Ардагаст с сестрой пропустили Ларишку ближе к чаше.
— Здравствуй, матушка! Ты и обо мне знаешь? — сказала тохарка.
— Конечно! О тебе «длинное ухо» тоже славу разносит. Хорошо, что ты воительница. Только поменьше воюй с мужем и с младшими жёнами, тогда останешься старшей женой... Ты тохарка, мой муж — тохар. Какая же большая степь — и какая маленькая! Если бы кто-то собрал её в одно великое царство, чтобы по ней можно было спокойно ездить из конца в конец, как по землям ханьцев или римлян... Это был бы самый великий из людских царей.

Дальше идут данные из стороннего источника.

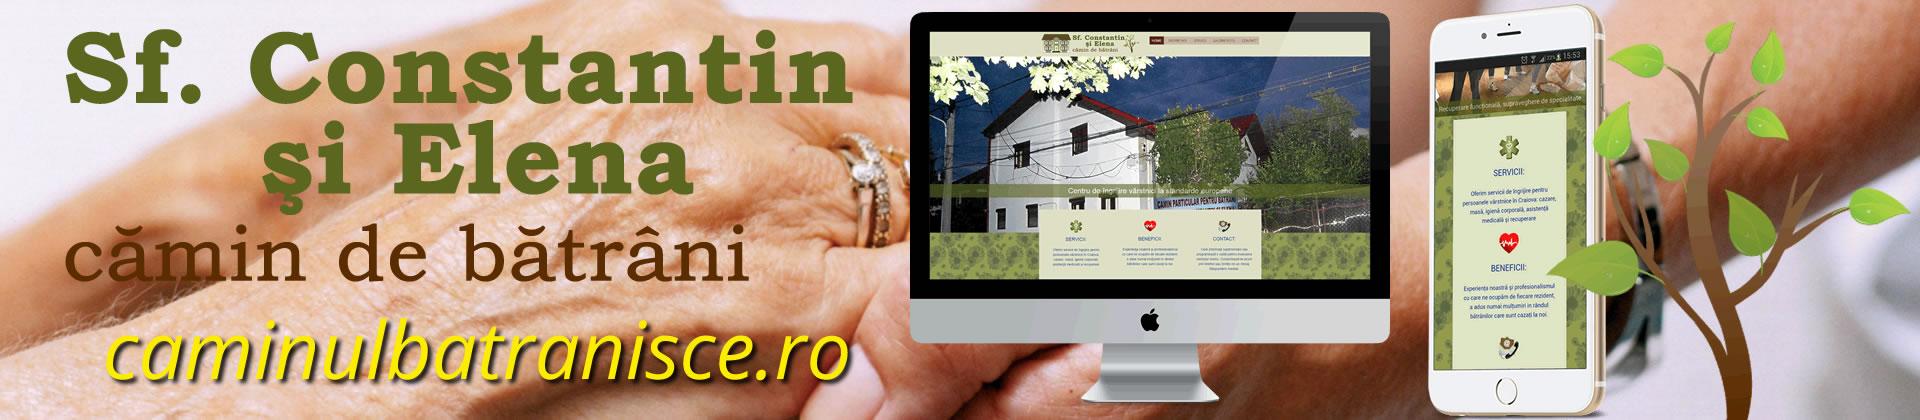 website 058 responsive caminul batrani sfintii constantin si elena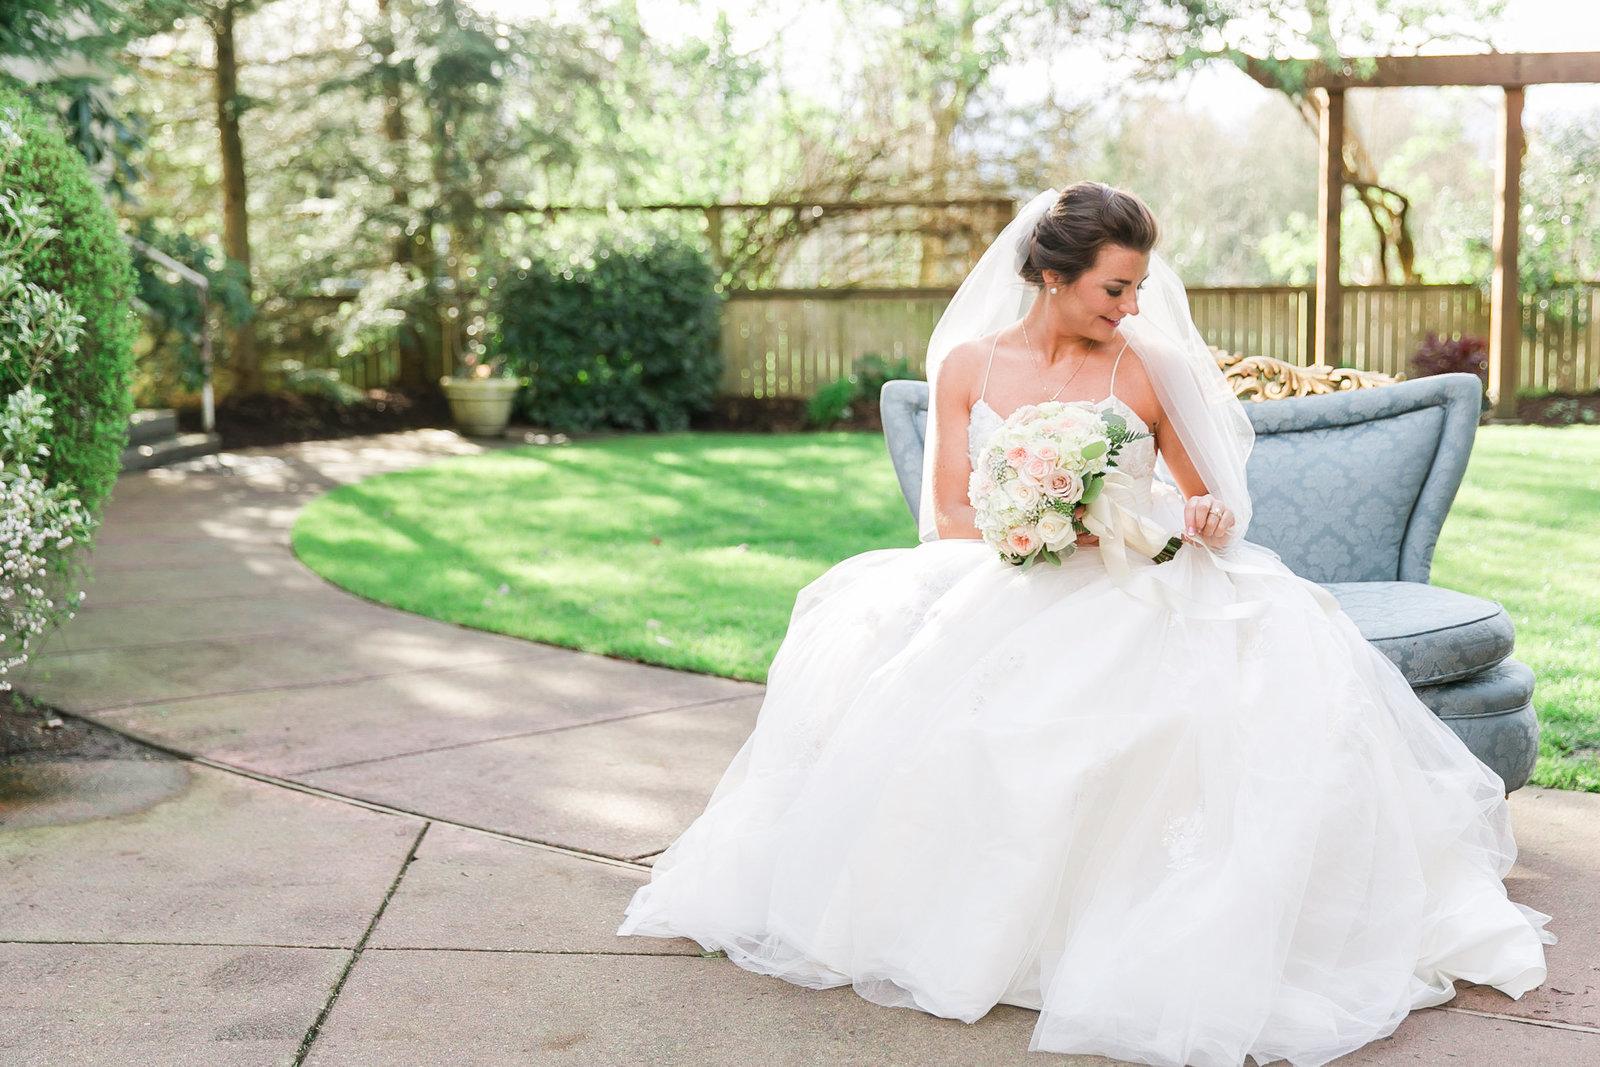 jillian-martin-wedding453394

— Он ещё явится в мир, — раздался спокойный голос богини. — Нет, никто из вас не увидит его даже младенцем. И ваши внуки, наверное, не увидят.
Но у нас, бессмертных, времени хватит. Он придёт, повелитель степи, леса и гор. Не знаю только, кто из моих мужей раньше найдёт и изберёт его... Ну всё, чаше пора под землю. А вы ещё сможете видеться и говорить через Колаксаеву Чашу.
— До свиданья, дети! У вас своё царство, у меня своё. Дел много, больших и опасных. Наверное, мы не встретимся. Хотя как знать! Степь не такая уж большая — для нас, степняков! — задорно улыбнулась Саумарон.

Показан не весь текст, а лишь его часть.